Depuis cette date, a-t-on entendu parler d'une religion qui eût fait
le moindre progrès ? Moi pas. "On nous dit souvent que
c'est une très vilaine chose que d'attaquer la religion, parce
qu'elle rend les hommes vertueux, écrivait
Bertrand Russell, ce petit incrédule. C'est ce que l'on
dit ; moi, je ne l'ai pas remarqué." Moi non plus.

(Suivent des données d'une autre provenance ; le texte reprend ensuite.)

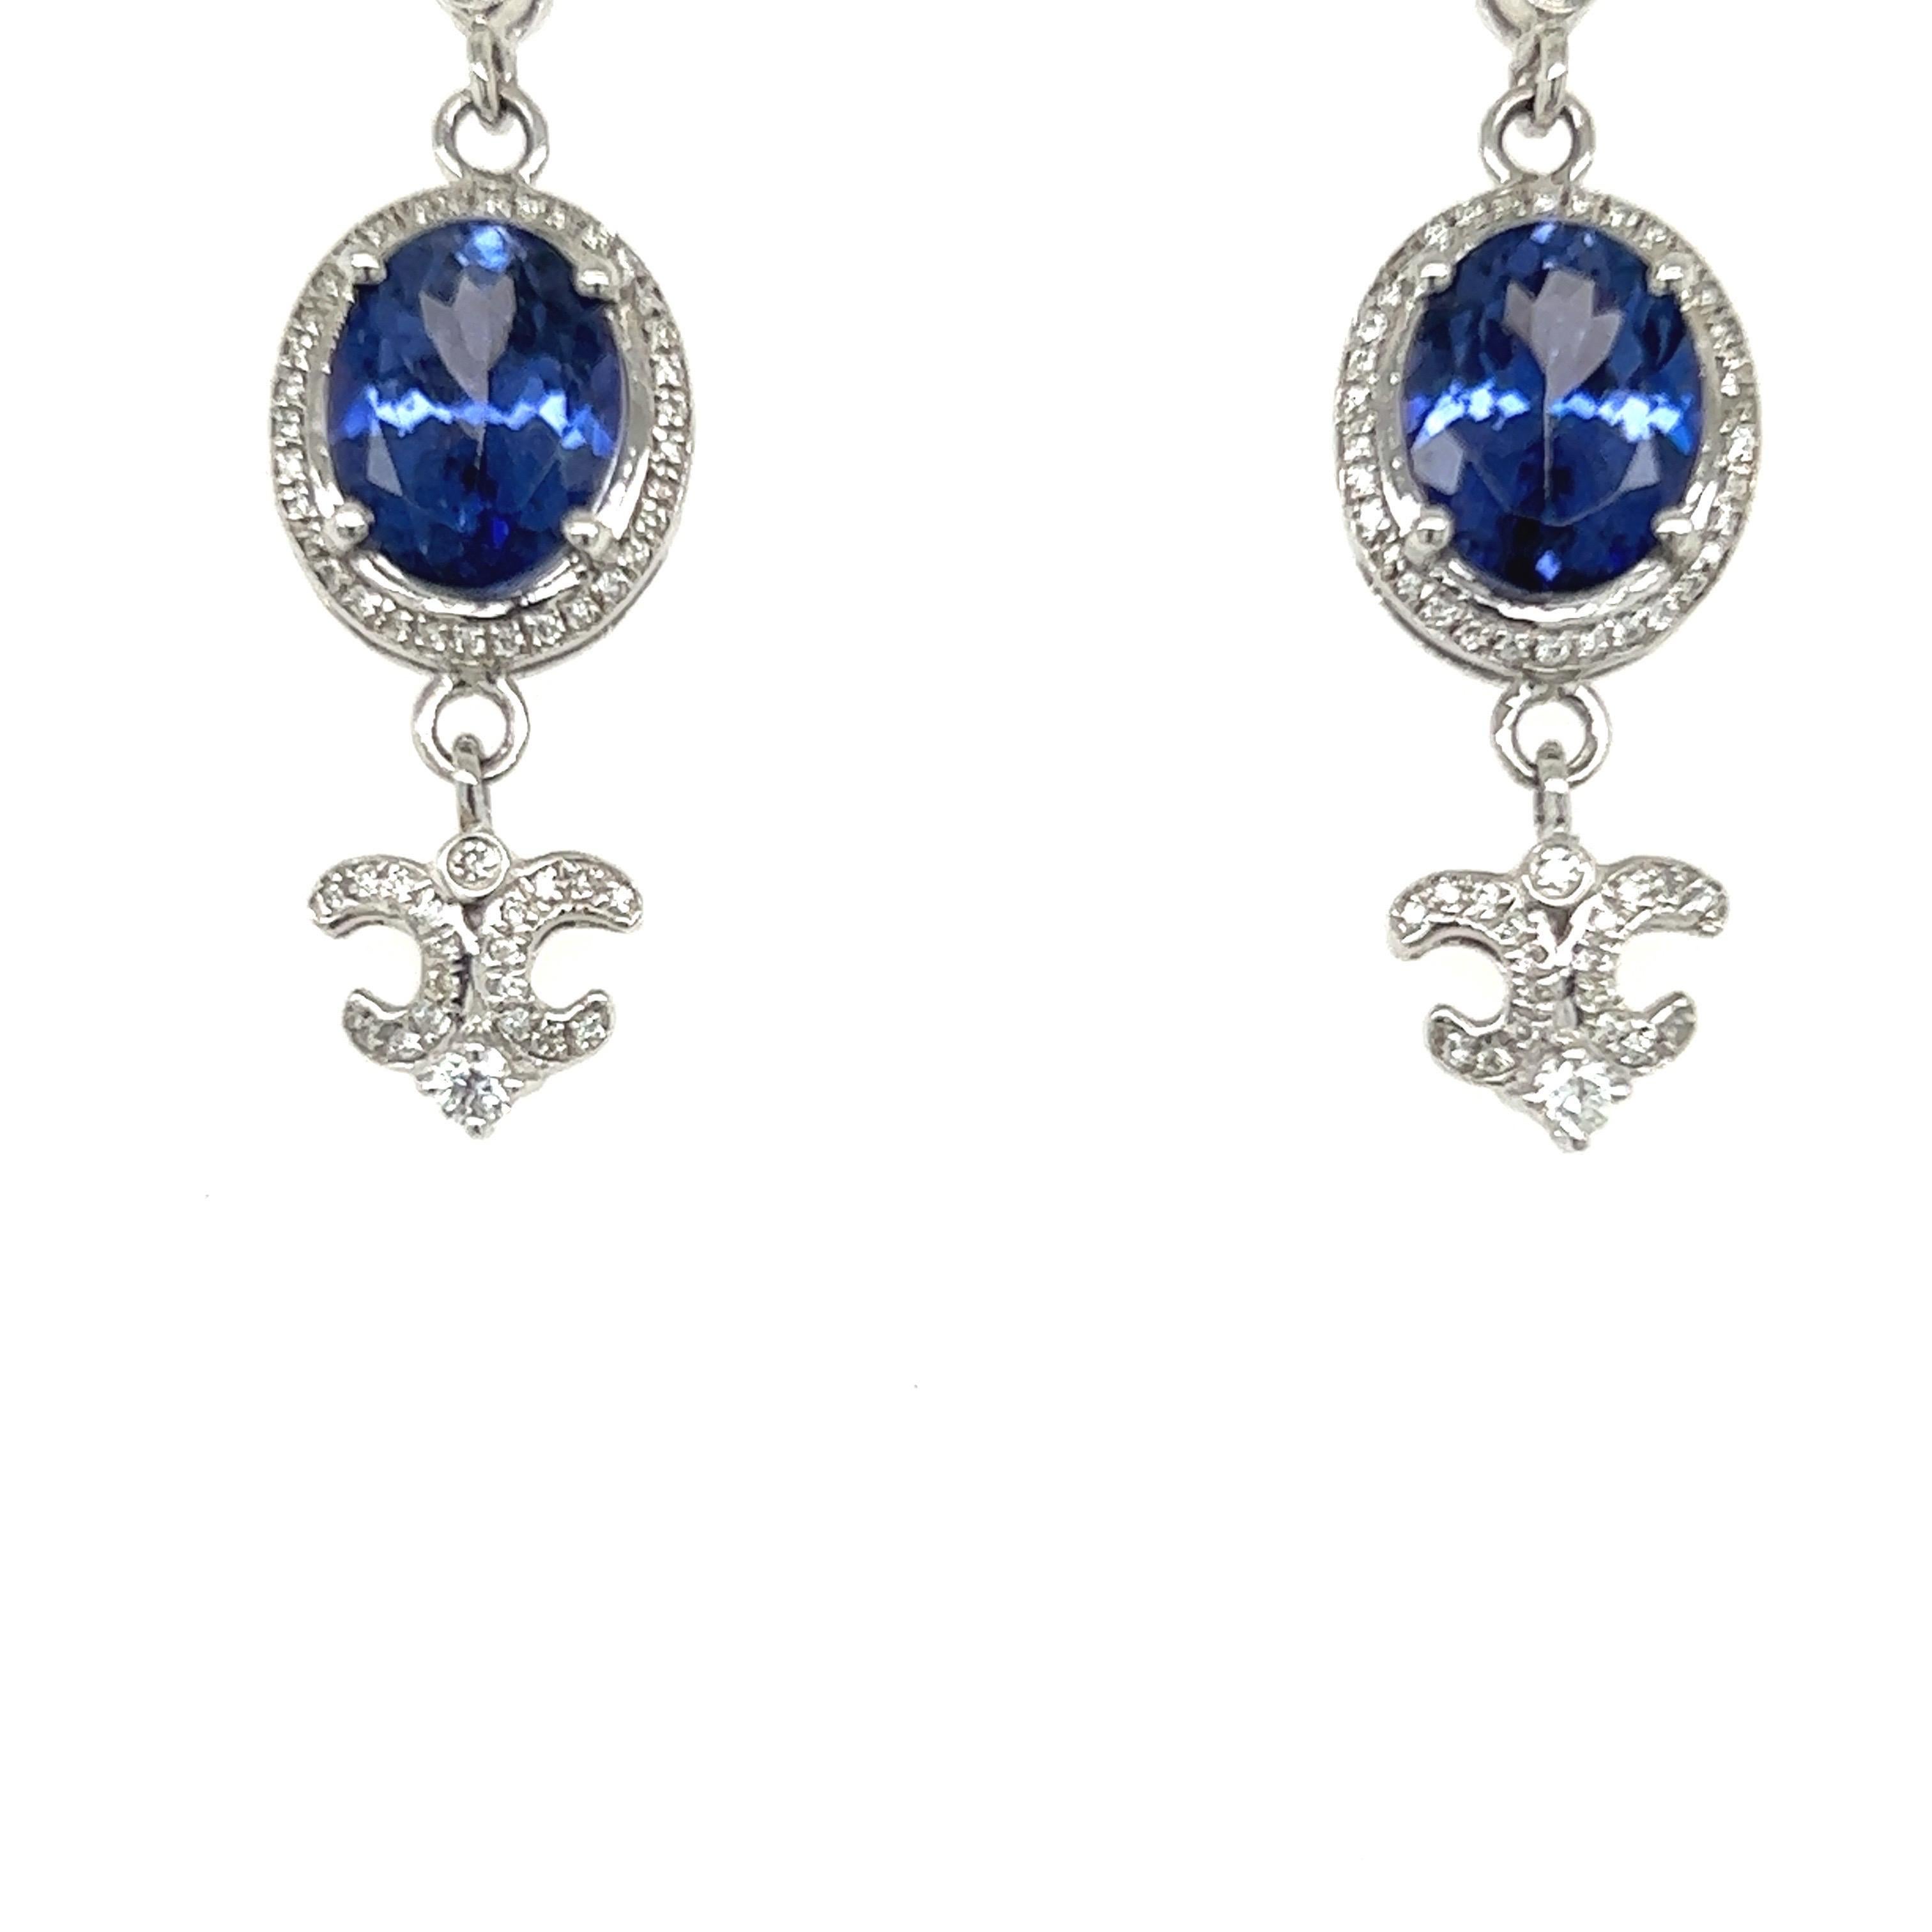 Stunning Tanzanite dangling earrings. High brilliance, purplish blue, oval faceted natural 4.08 carats tanzanite mounted in high profile with four bead prongs. Accented with round brilliant cut diamonds. Handcrafted design is set in 14 karat white

J'ai plutôt remarqué que tous les gens religieux croisés au cours
de mon existence étaient particulièrement doués pour s'autoriser
ce qu'ils interdisaient aux autres et pour interdire ce qu'ils
estimaient bon pour leur gueule.
"Mollah,
si vos prières ont quelque pouvoir / Montrez-moi que vous pouvez
faire bouger la mosquée ! / Sinon, prenez quelques doigts de
whisky / Et voyez comme la mosquée bouge d'elle-même", a
écrit Khushwant Singh, l'écrivain pakistanais anglophone,
l'individu le plus méprisé de l'ulema après Salman Rushdie et
Taslima Nasreen.
Pour
finir sur une note ouverte, je pose cette question : tolérer
l'intolérance, c'est de la sainteté ou de la naïveté ? De
l'héroïsme ou de la stupidité ? Du bouddhisme zen ou de la
lâcheté ?
"Kusaila"
1cité
par Romain Gary dans son roman Les Clowns lyriques.
2Outre
le fait non négligeable que je risque à tout moment d'être
assassiné par l'un de leurs représentants qui aura estimé que je
lui ai manqué de respect, ou simplement parce que je me serais
trouvé sur son chemin de croix ou sur le lieu de son sacrifice
"divin"...
3cité
en exergue du roman de Jean Vautrin, Un grand pas vers le Bon
Dieu.
4Pourquoi
pas les clergés respectifs des religions concernées ? Ce
serait juste et approprié ; sauf que, comme d'habitude, les
chefs n'accepteront jamais de mettre la main à la pâte et ils
enverront des pauvres et des handicapés...
5Notamment,
et de plus en plus, par des écrans d'ordinateur – j'en connais
même qui se croient devant ;
mais on n'est jamais devant un écran ; du point de vue
de l'autre, on est toujours derrière.
6Dans
son utopie proto-libertaire La Terre australe connue,
livre introuvable en édition courante. On ne le trouve que dans le
volume Libertins du XVIIe,
la Pléiade, donc hors de portée des bourses modestes.